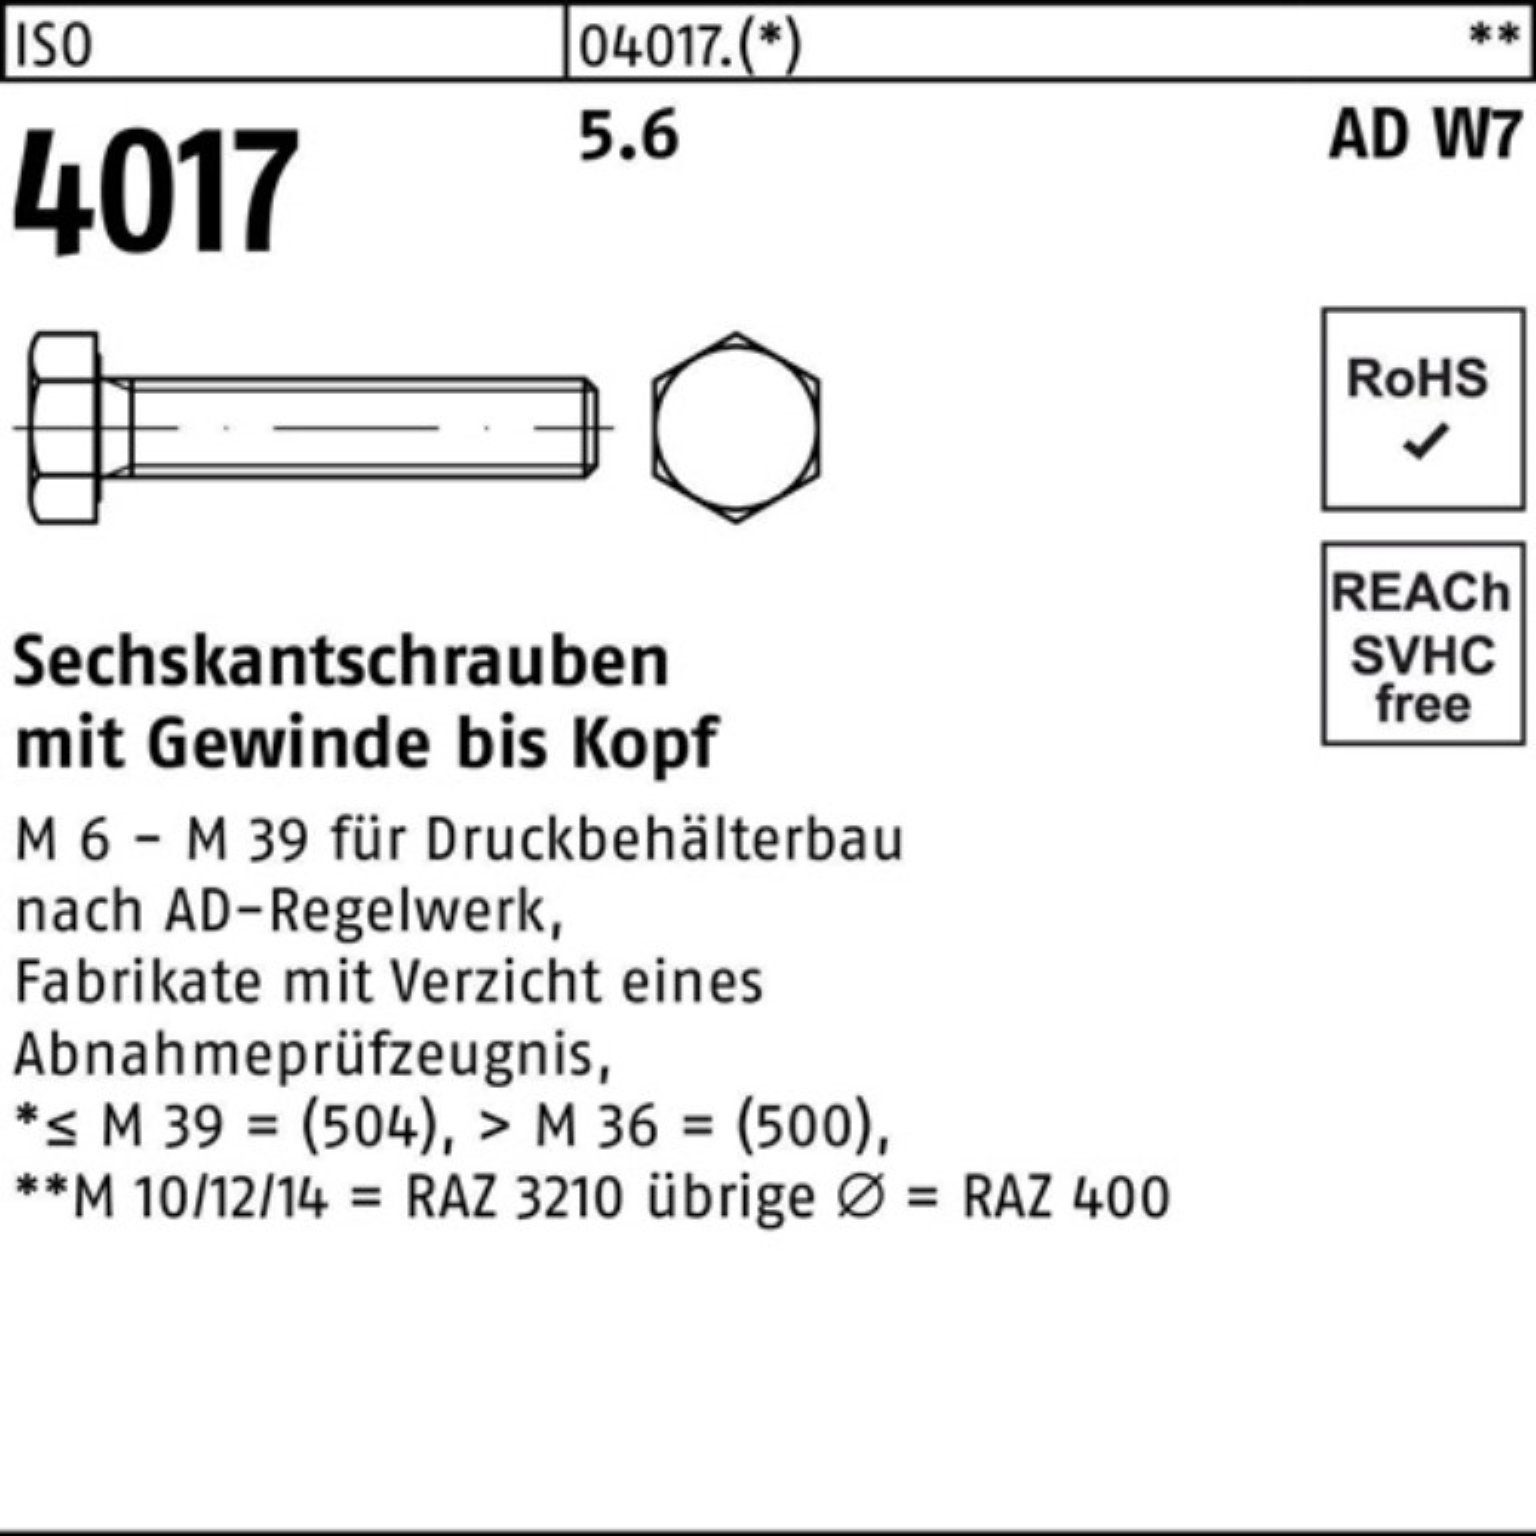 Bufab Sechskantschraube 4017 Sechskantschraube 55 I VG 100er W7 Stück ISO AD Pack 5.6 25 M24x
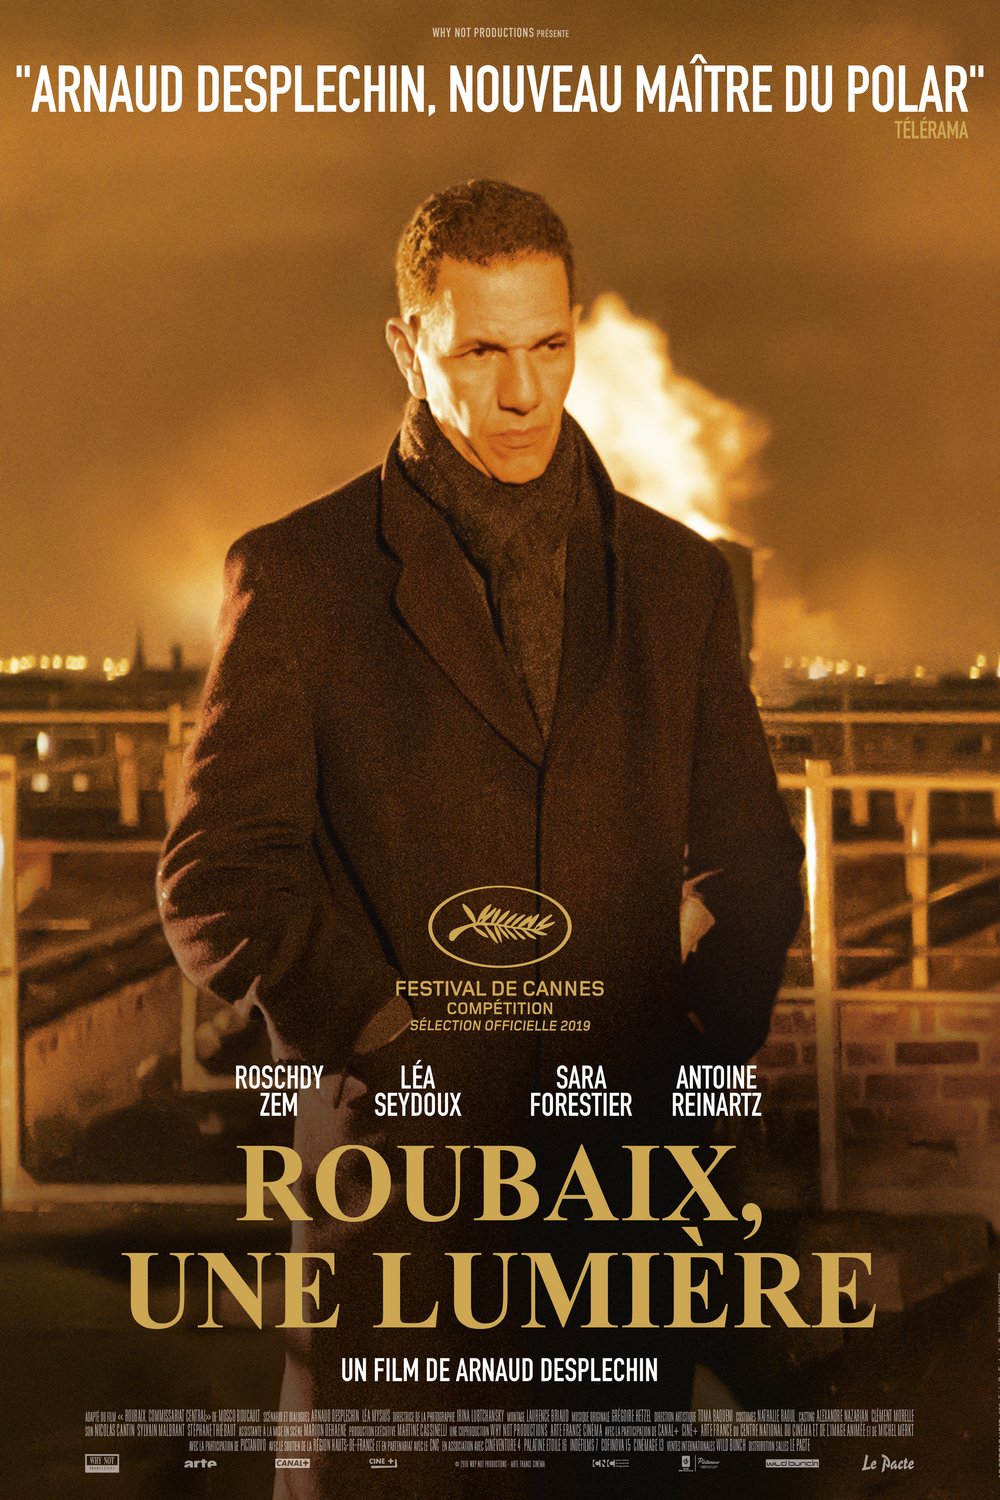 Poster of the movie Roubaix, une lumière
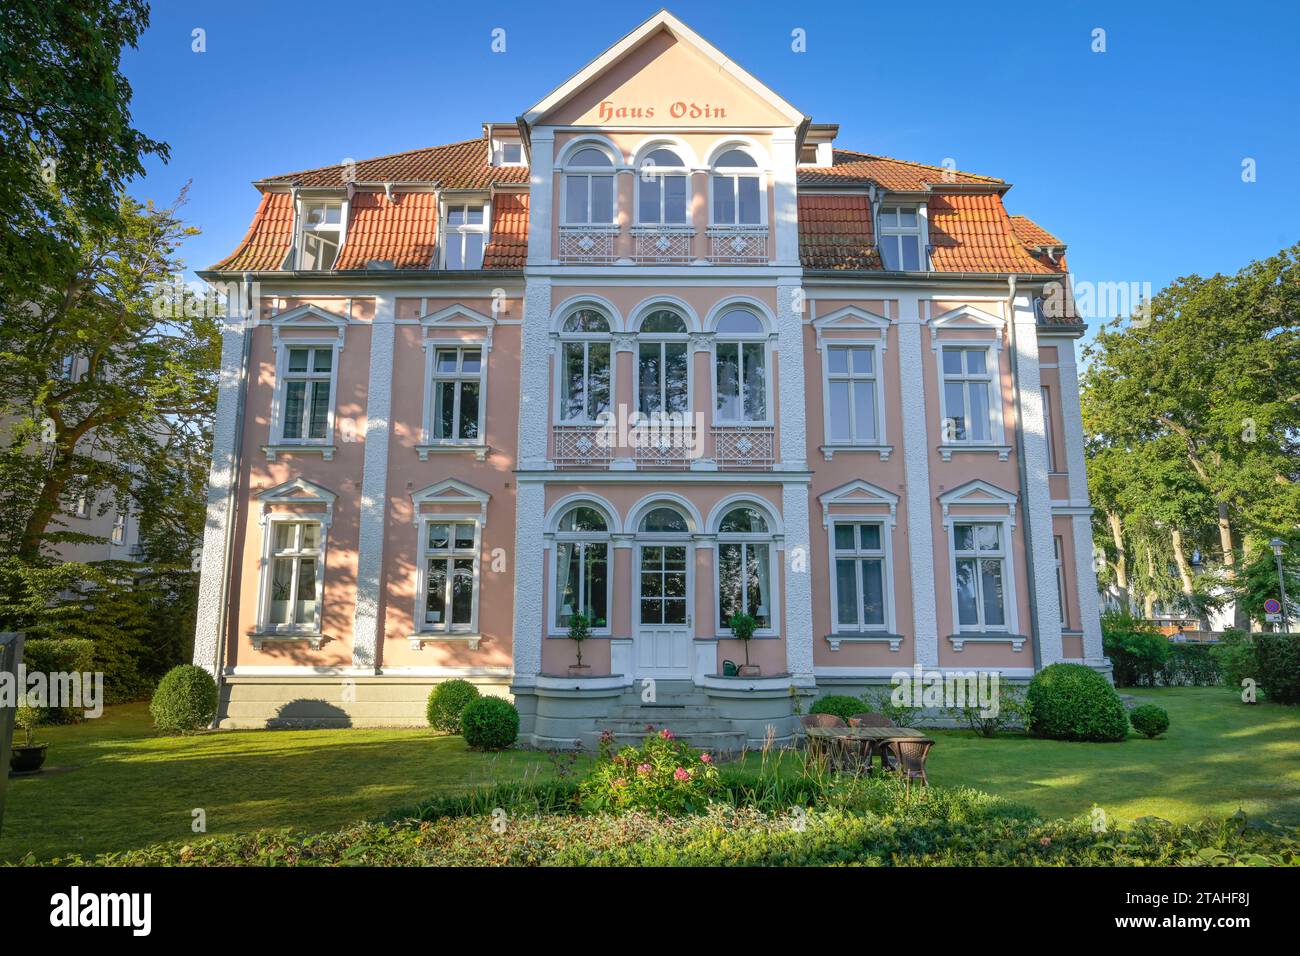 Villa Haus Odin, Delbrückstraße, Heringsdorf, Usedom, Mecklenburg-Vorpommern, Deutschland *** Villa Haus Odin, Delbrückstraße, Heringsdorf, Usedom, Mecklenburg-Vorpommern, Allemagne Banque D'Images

————————

▸ Task details:
Drop the pictures, then transcribe the lines from the one containing "Poster of the movie Roubaix, une lumière" to the end of the data above, exactly and nothing more.

▸ Output of the task:
 Poster of the movie Roubaix, une lumière
 Villa Haus Odin, Delbrückstraße, Heringsdorf, Usedom, Mecklenburg-Vorpommern, Deutschland *** Villa Haus Odin, Delbrückstraße, Heringsdorf, Usedom, Mecklenburg-Vorpommern, Allemagne Banque D'Images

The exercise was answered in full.